The paper tackled the problem of cross-lingual entity alignment in knowledge graphs by proposing ERAlign, an unsupervised pipeline that uses neighbor triple matching with entity and relation texts, achieving near-perfect alignment accuracy even with noisy features.

Cross-lingual entity alignment (EA) enables the integration of multiple knowledge graphs (KGs) across different languages, providing users with seamless access to diverse and comprehensive knowledge.
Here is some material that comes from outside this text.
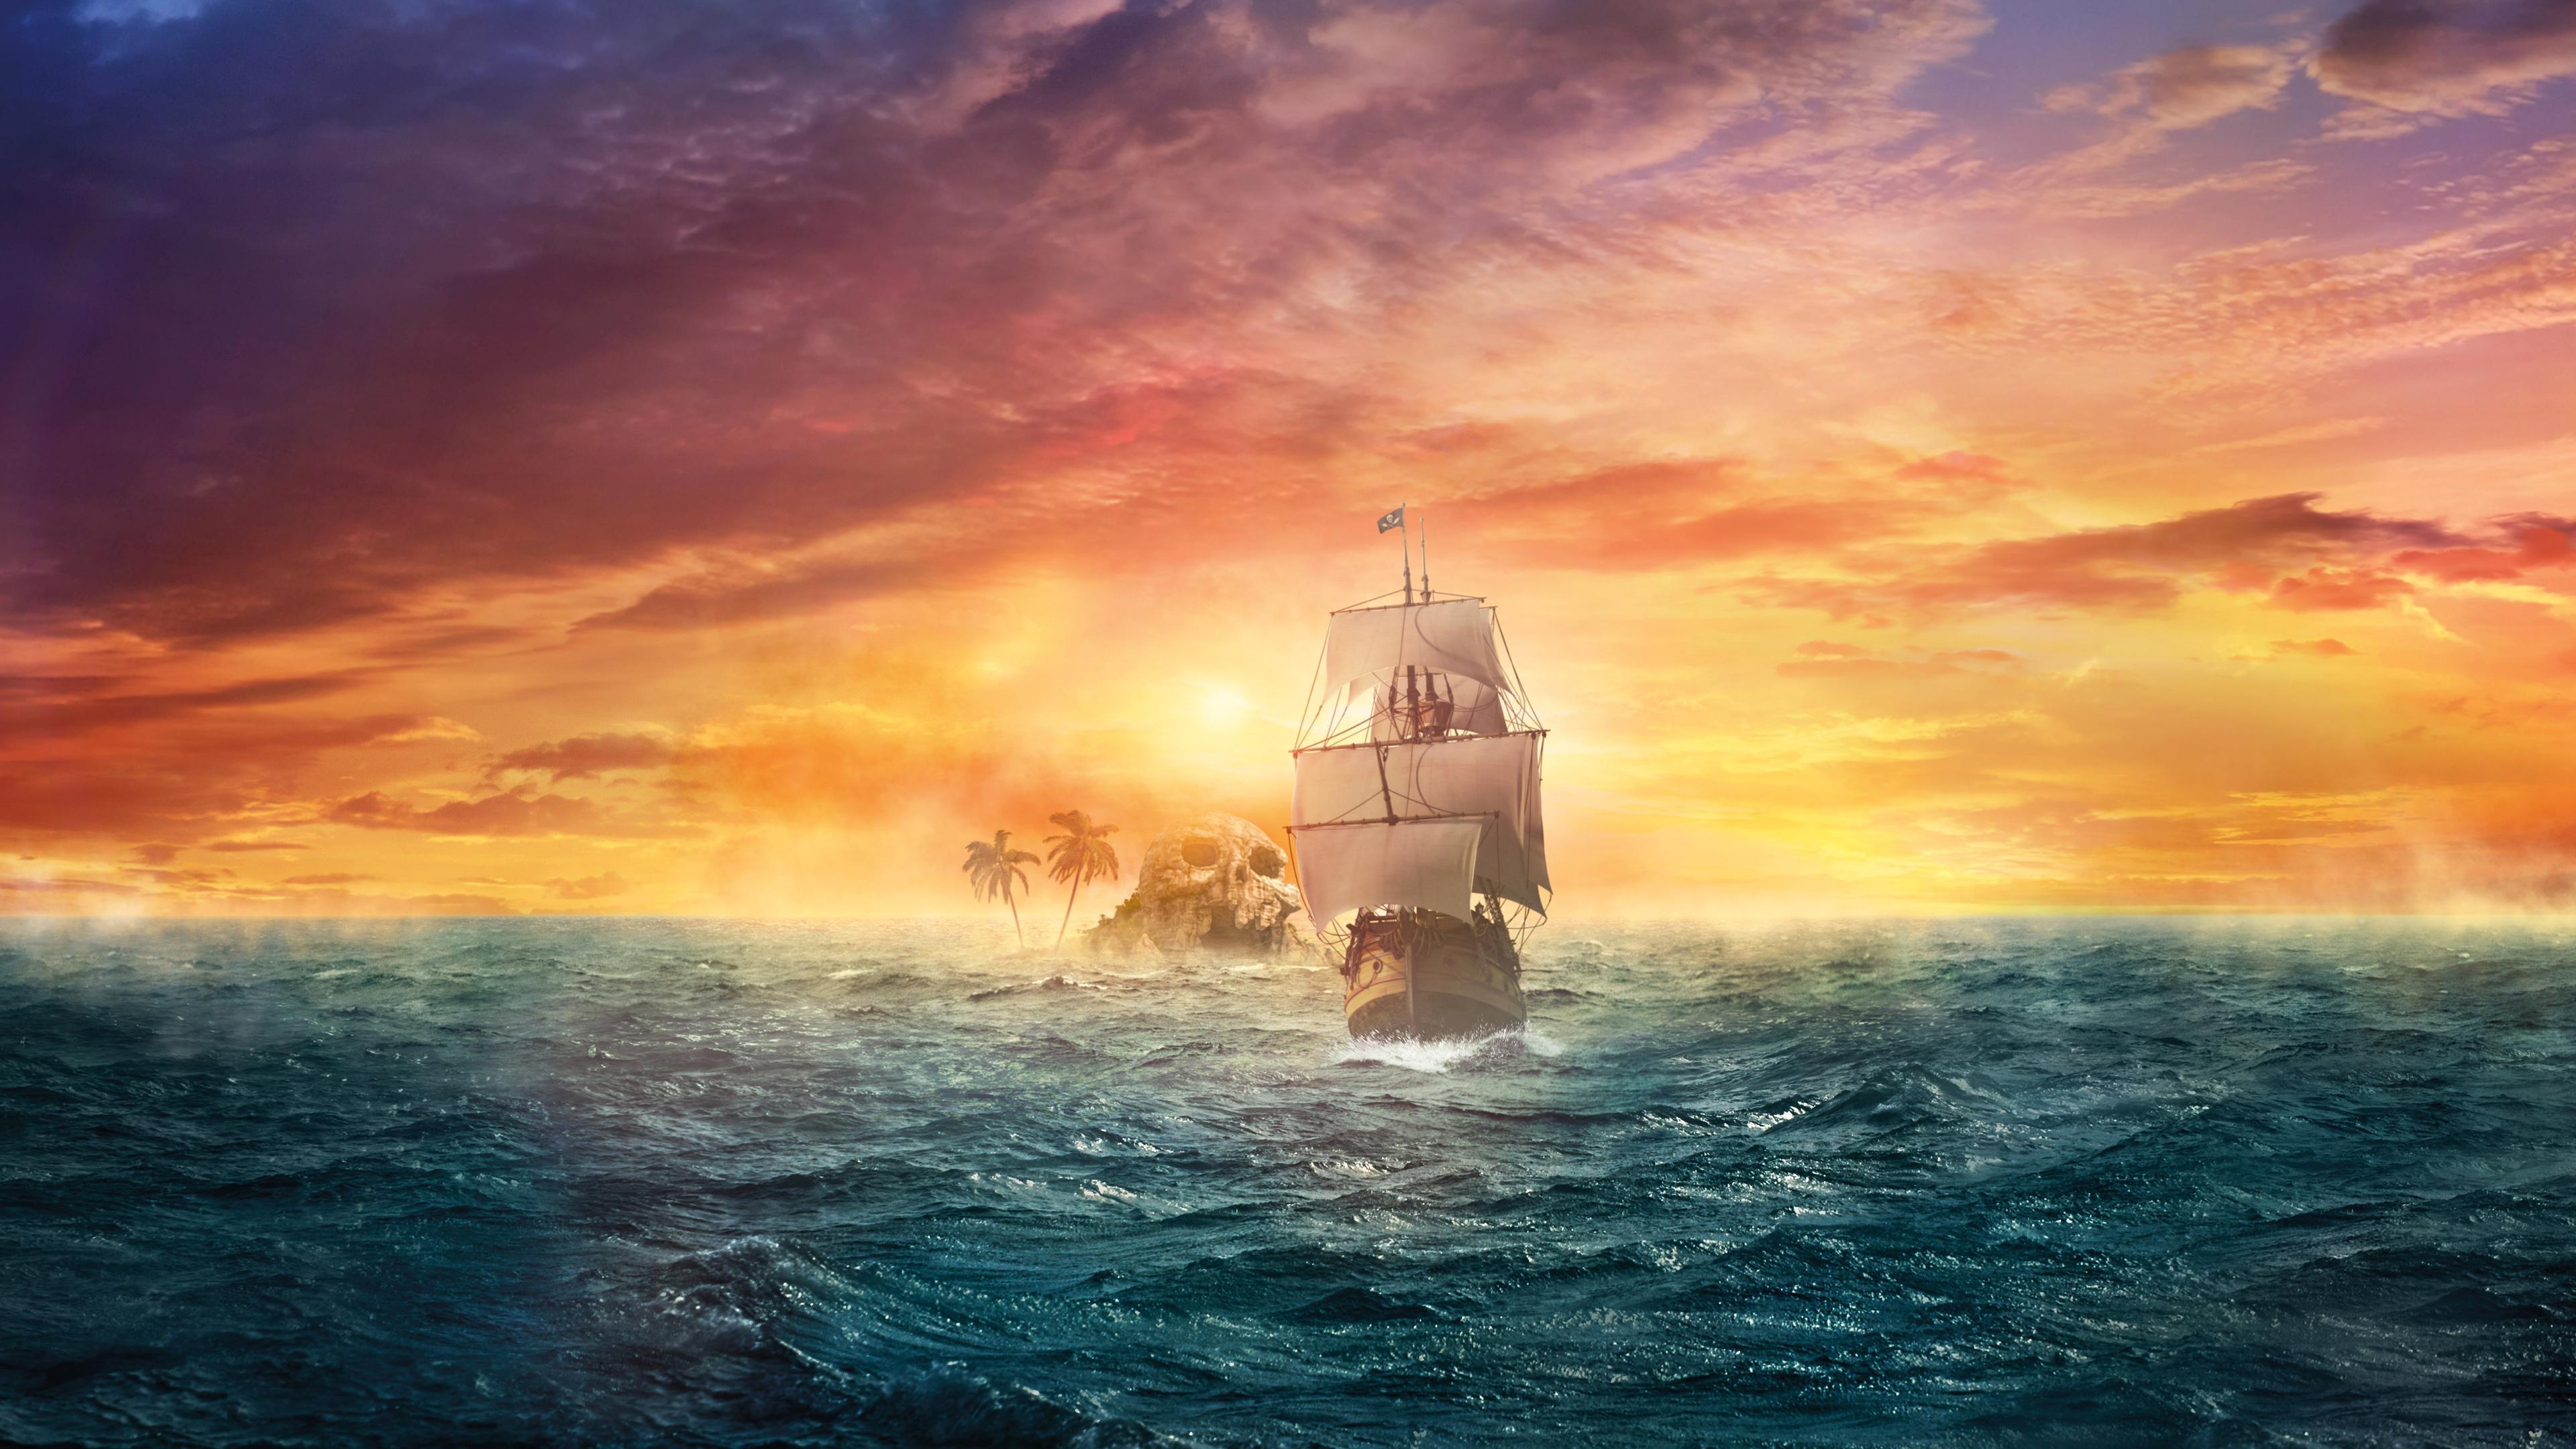 Pirate Ship Live Wallpaper live backgrounds for Android   APK

Existing methods, mostly supervised, face challenges in obtaining labeled entity pairs. To address this, recent studies have shifted towards self-supervised and unsupervised frameworks. Despite their effectiveness, these approaches have limitations: (1) Relation passing: mainly focusing on the entity while neglecting the semantic information of relations, (2) Isomorphic assumption: assuming isomorphism between source and target graphs, which leads to noise and reduced alignment accuracy, and (3) Noise vulnerability: susceptible to noise in the textual features, especially when encountering inconsistent translations or Out-of-Vocabulary (OOV) problems. In this paper, we propose ERAlign, an unsupervised and robust cross-lingual EA pipeline that jointly performs Entity-level and Relation-level Alignment by neighbor triple matching strategy using semantic textual features of relations and entities. Its refinement step iteratively enhances results by fusing entity-level and relation-level alignments based on neighbor triple matching. The additional verification step examines the entities' neighbor triples as the linearized text. This Align-then-Verify pipeline rigorously assesses alignment results, achieving near-perfect alignment even in the presence of noisy textual features of entities. Our extensive experiments demonstrate that the robustness and general applicability of ERAlign improved the accuracy and effectiveness of EA tasks, contributing significantly to knowledge-oriented applications.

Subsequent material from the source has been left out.